Uncle Bill was the first in a long line of ex-boyfriends, and ex-husbands that my mother ran through. There was Uncle Mark, Uncle John, Uncle Jason, Daddy Rich, Daddy Neil, and Daddy Jared. Uncle Mark was the next one up to bat.
Whenever I see Cheech and Chong movies, or the movie Hair, I think of Uncle Mark. Everything he wore was denim. Blue-jeans, Jean jacket, even a denim soft cap to cover his long, shaggy hair when he didn’t feel like combing it. Our mother had a history of heavy drinking and meth use, but Uncle Mark was the first person we had ever seen who smoked marijuana. I couldn’t see the greatness of the weed that he seemed to enjoy smoking so much. It smelled like burned rope, and the stink would follow him everywhere he went. Uncle Mark didn’t work. He would often say that he was saving his energy for a true emergency – that way he would be useful when everyone else was exhausted. He would just sit at home all day smoking his pot and playing his guitar. It was as if the guy looked up the definition of hippie and followed it to the letter.

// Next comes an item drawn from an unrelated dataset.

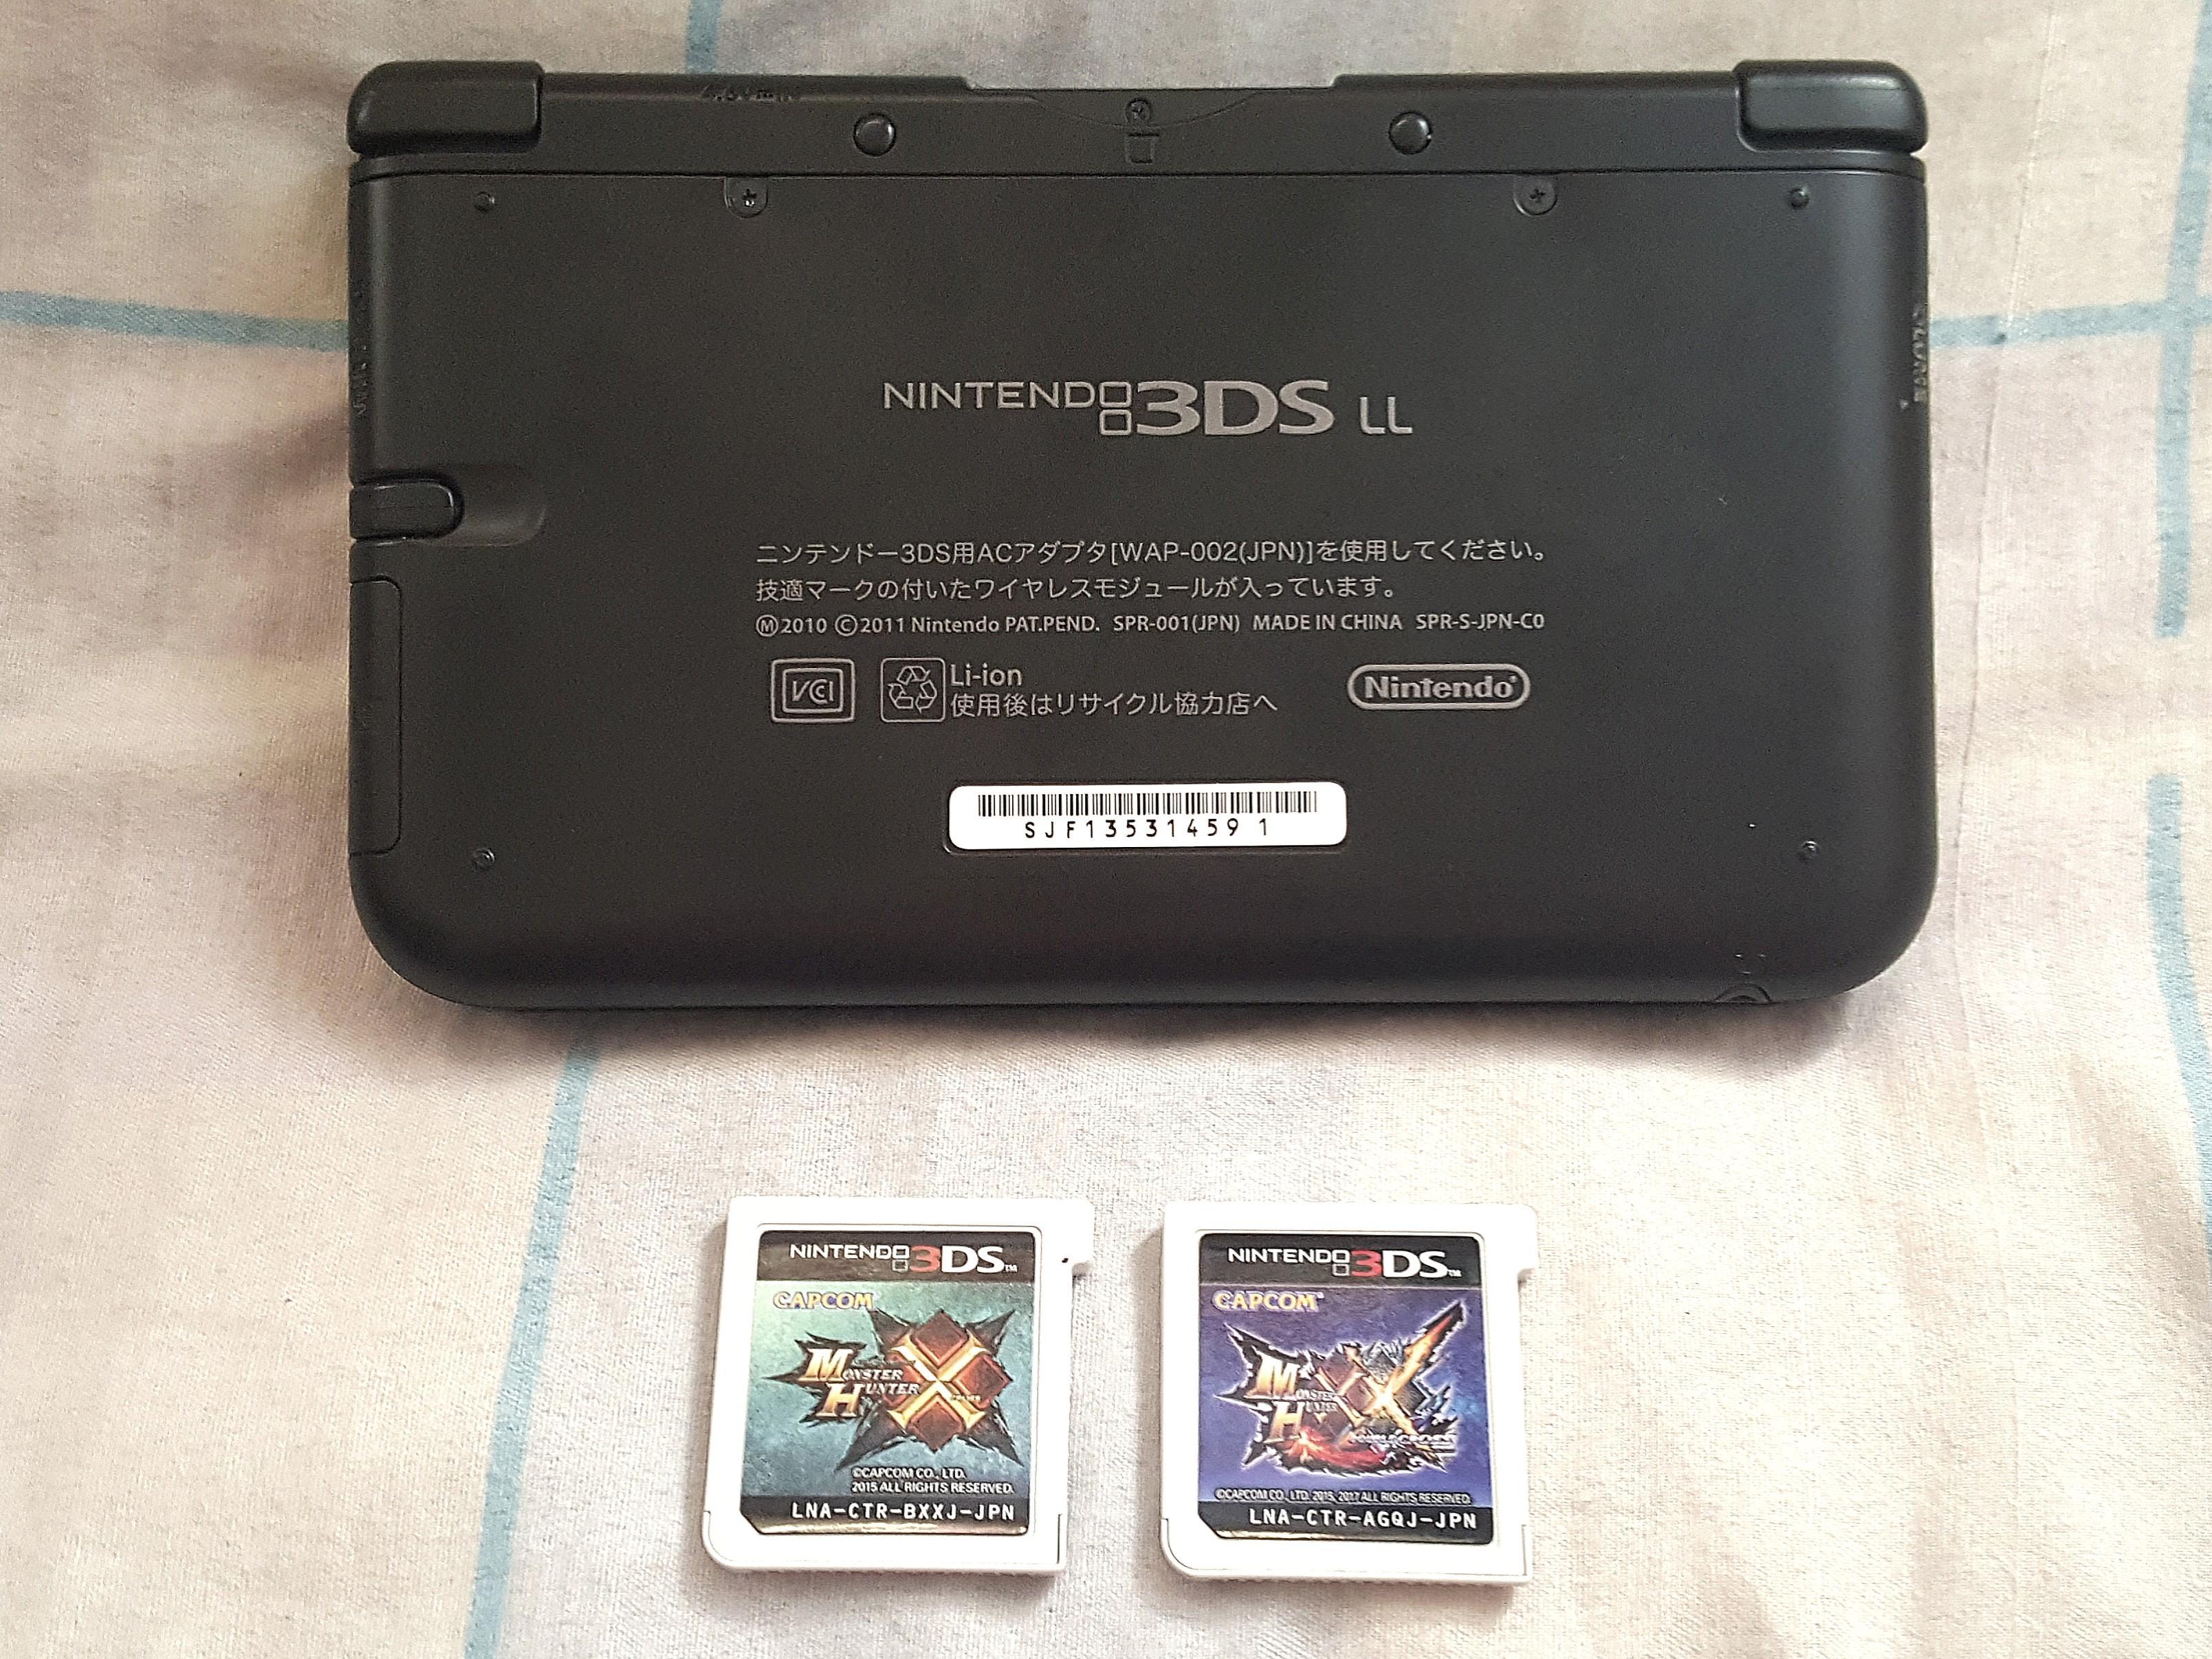 Nintendo 3DS LL Japan Version. Have 2 Original 3DS Game, Monster Hunter X & Monster Hunter XX, Japan Versions. 100% Work 3DS!

Not surprisingly, Uncle Mark didn’t last long. Our mother didn’t throw him out like she did Uncle Bill- he sort of threw himself out. One morning, I woke up for school, spent the accustomed twenty minutes shaking Randy out of bed and then another five minutes rushing him to get dressed. Once he was dressed, we went downstairs, tiptoeing the whole way. We kept our book-bags by the front door so we wouldn’t have to waste time looking for them and end up being late for school. I pulled my backpack on and then turned around to help Randy put on his … then I froze. Uncle Mark was hanging half-way down the wall with a long white sheet tied around his neck. The other end of the sheet was tied to the wrought-iron railing at the top of the stairs. His mouth was closed, but I could see the tip of his purple-pink tongue poking out through his bluish colored lips. A slight trickle of blood ran down from the corner of his mouth and his eyes were open and staring.
“Don’t look at him Randy,” I said. “I’m going to get grandpa.”
Randy didn’t reply. As I ascended the stairs, taking care to avoid the section that Uncle Mark was hanging off of, I peered back down at Randy and froze again. He was sitting next to the door with his thumb in his mouth and rocking back and forth.